Sequels are almost impossible to take seriously – especially if the original film was both a commercial and critical success. Often, the stress of making the sequel just as good as or better than the original will create a great big mess on the screen. Filmmakers try too hard to get that special feeling or aura that surrounded the first success and end up copying what made the original so good in the beginning. But copying is not moving forward. Copying is not original. Copying is boring. That is why sequels often fail. The Godfather, Part II was not a fail. When critics and the general public have a hard time trying to list The Godfather, Part I or The Godfather, Part II as the better of the two films, you know that this sequel was one of the few that worked.
It worked because Francis Ford Coppola and Mario Puzo came up with the brilliant idea to combine a sequel and a prequel together. At the outset, this could have been a colossal disaster. Would audiences take to the concept of going back in time, then moving forward again and again? Yes. You would also think that with the many changes of time and place within the film, from Vito’s life to Michael’s life, that the film would lag. It doesn’t. By going back and forth between the two, Coppola leaves you wanting more, to see what happens – but then we leave Vito’s life and continue Michael’s life – a brilliant tactic.
I’ve said that The Godfather, Part I was one of the best screenplays ever written. The sequel is equal in that regard. Al Pacino again delivers a great performance – even better than in the original because we see his character going through intense emotional upheaval. He definitely carried this film. His loss of the Oscar for Best Actor was a surprise. Robert De Niro is at the height of his talents as the young Vito. Even Diane Keaton (so irritating in the original) is true to her character, even if she says Michael, Michael, Michael again and again and again. Talia Shire is also allowed to expand on her character. In fact, all of the characters are going through so much upheaval that all of the actors are given a great chance to show off their acting chops.
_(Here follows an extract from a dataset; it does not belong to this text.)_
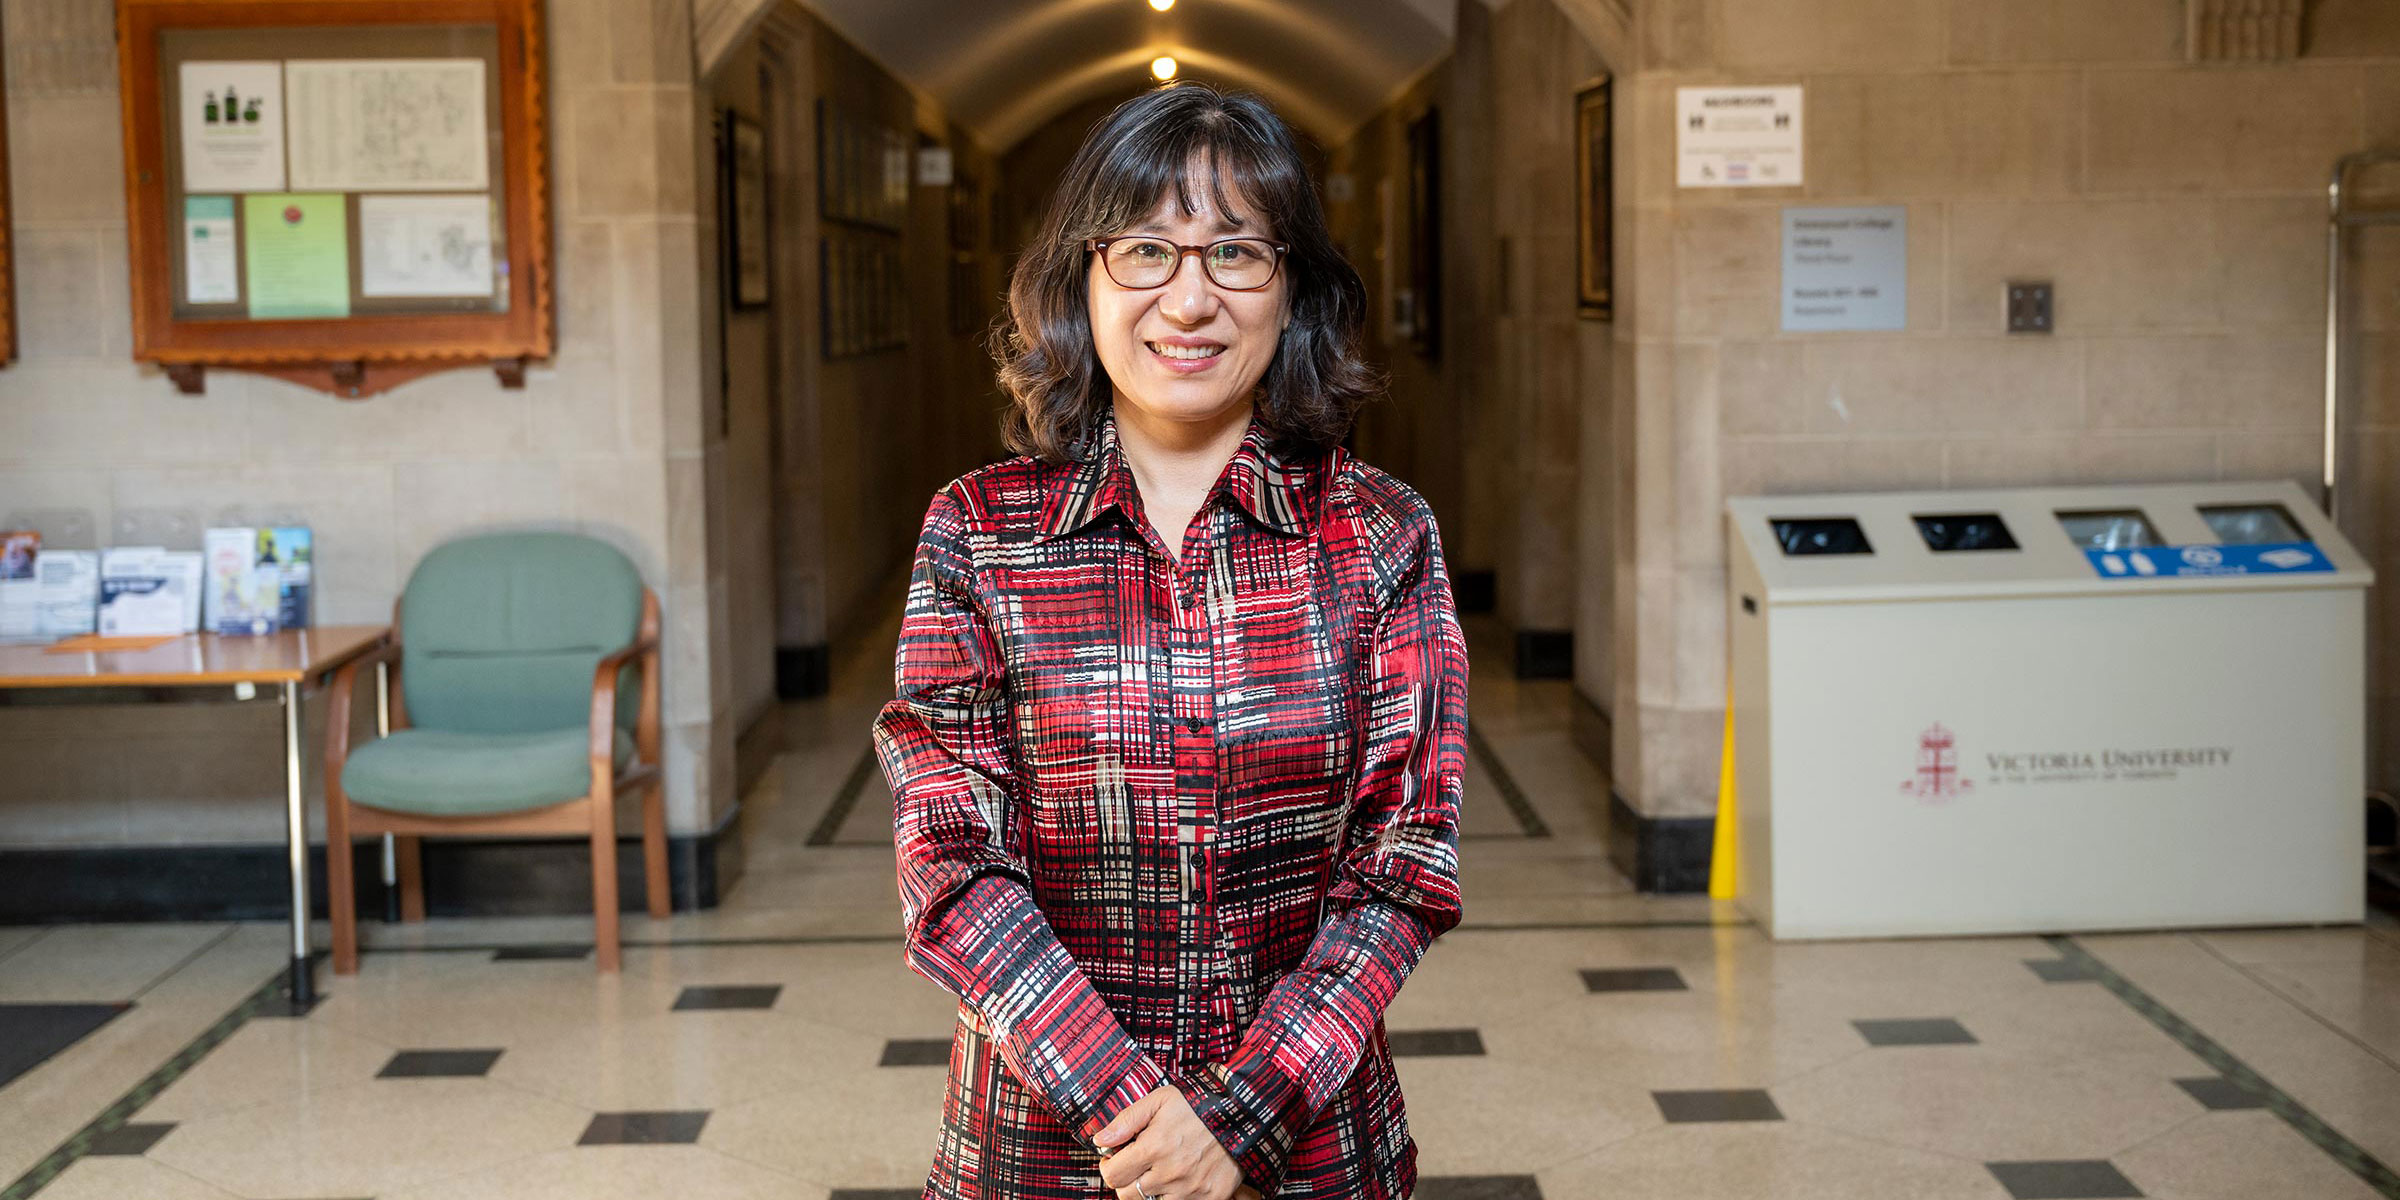 Principal Kim-Cragg stands in the hallway of the Emmanuel College building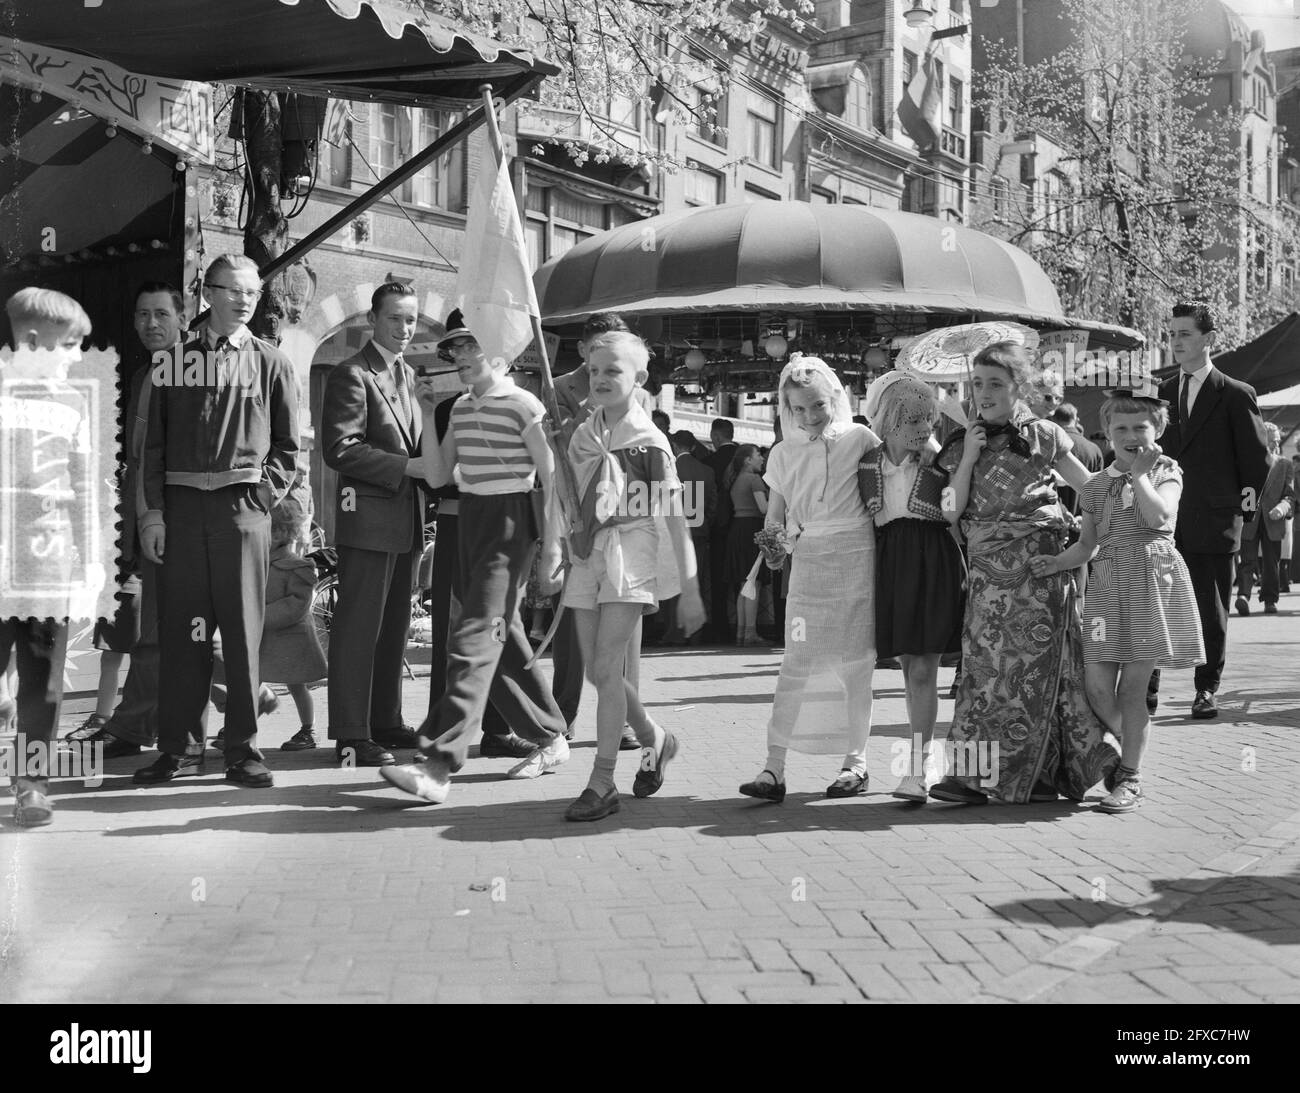 National holiday; fair at the Beursplein in Amsterdam, May 5, 1956, fairgrounds, The Netherlands, 20th century press agency photo, news to remember, documentary, historic photography 1945-1990, visual stories, human history of the Twentieth Century, capturing moments in time Stock Photo

By a nose, I’d give The Godfather, Part II the edge over the original. There are just too many subtleties that make it a better film. If Part II just slightly better than Part I, then Part II is easily one of the greatest films ever made.
When a screenplay is written as well as this one is, you instantly get the feeling that the events that are transpiring on the screen actually happened. Of course, they did not, but that is what happens – you get lost in the story so much and it is told so well that during the film, it’s as if you are witnessing a real crime family’s life story. There are very few films that have this aura about them. What is equally fascinating is that the story is not overly complicated – it flows so naturally and so easily that you become engrossed in the film without realizing it. That is not to say that The Godfather, Part I is a simplistic film – far from it. It’s the storytelling that is the star of the film. The only other film that has this same magic is the greatest of them all, Citizen Kane.
It is perhaps only fitting that The Godfather, Part I and Citizen Kane regularly top the list of any reputable Greatest Films of All-Time list. They are two of the greatest screenplays ever written. It is also no coincidence that they are written in a biographical style with a central character larger than life and his trials and tribulations as the main backdrop of the film. As books, biographies (and autobiographies) are often really good reads. As films, they work sometimes, but often do not. The trick is to craft a screenplay with carefully placed plot points that may seem small, but are really the backbones of the film.
When you have scenes from a film parodied to death decades after the film was released, you know that you have created something special. Whether it is Marlon Brando’s performance, the scene in the Italian restaurant, the scene at the toll booth or the scene in the tomato garden, these scenes are parodied because they are so well put together.
Brando, Al Pacino, James Caan and all the actors who played the mafia families were brilliant. Of course, they had great material to work with.
Along with Clockwise, this is John Cleese’s greatest film achievement. This film had Cleese’s trademark dark humour in every corner and in every scene. Even the slightest jab or dialogue was a major laugh (“Oh, do shut up Portia!”). In that same scene when Kevin Kline’s character Otto fumbles with a made-up name (Mr. Manfredjinsinjin), Maria Aitken’s character Wendy repeats it as a straight line and it’s simply brilliant. Things like this hide in every nook and cranny of A Fish Called Wanda so much that if you don’t pay attention, you’ll miss some of the great lines and dark humour.
John Cleese took a chance with him playing the straight man, unlike his other over-the-top bizarre characters he has played throughout his career. This job falls to Kevin Kline who delivers one of the funniest supporting characters in film history. He rightly won the Oscar for Best Supporting Actor. In fact, all of the actors had great material to work with – assembled from the minds of Cleese and director Charles Crichton. You simply couldn’t go wrong with a script that brilliant.
A Fish Called Wanda is one of the greatest comedies of all-time and it stands apart in modern film as an example of great comedy that often can’t be repeated or modelled after because the original script was so strong. It is one of those unique screenplays in that the characters act individually, but come together collectively in the end. It is during their individual pursuits that their characters and the humour really shines. A prime example of this is Michael Palin’s character Ken inadvertently killing the dogs of his target instead of the target. The scenario is warped, but it is so cleverly written that you end up being drawn into the humour of Ken’s grief.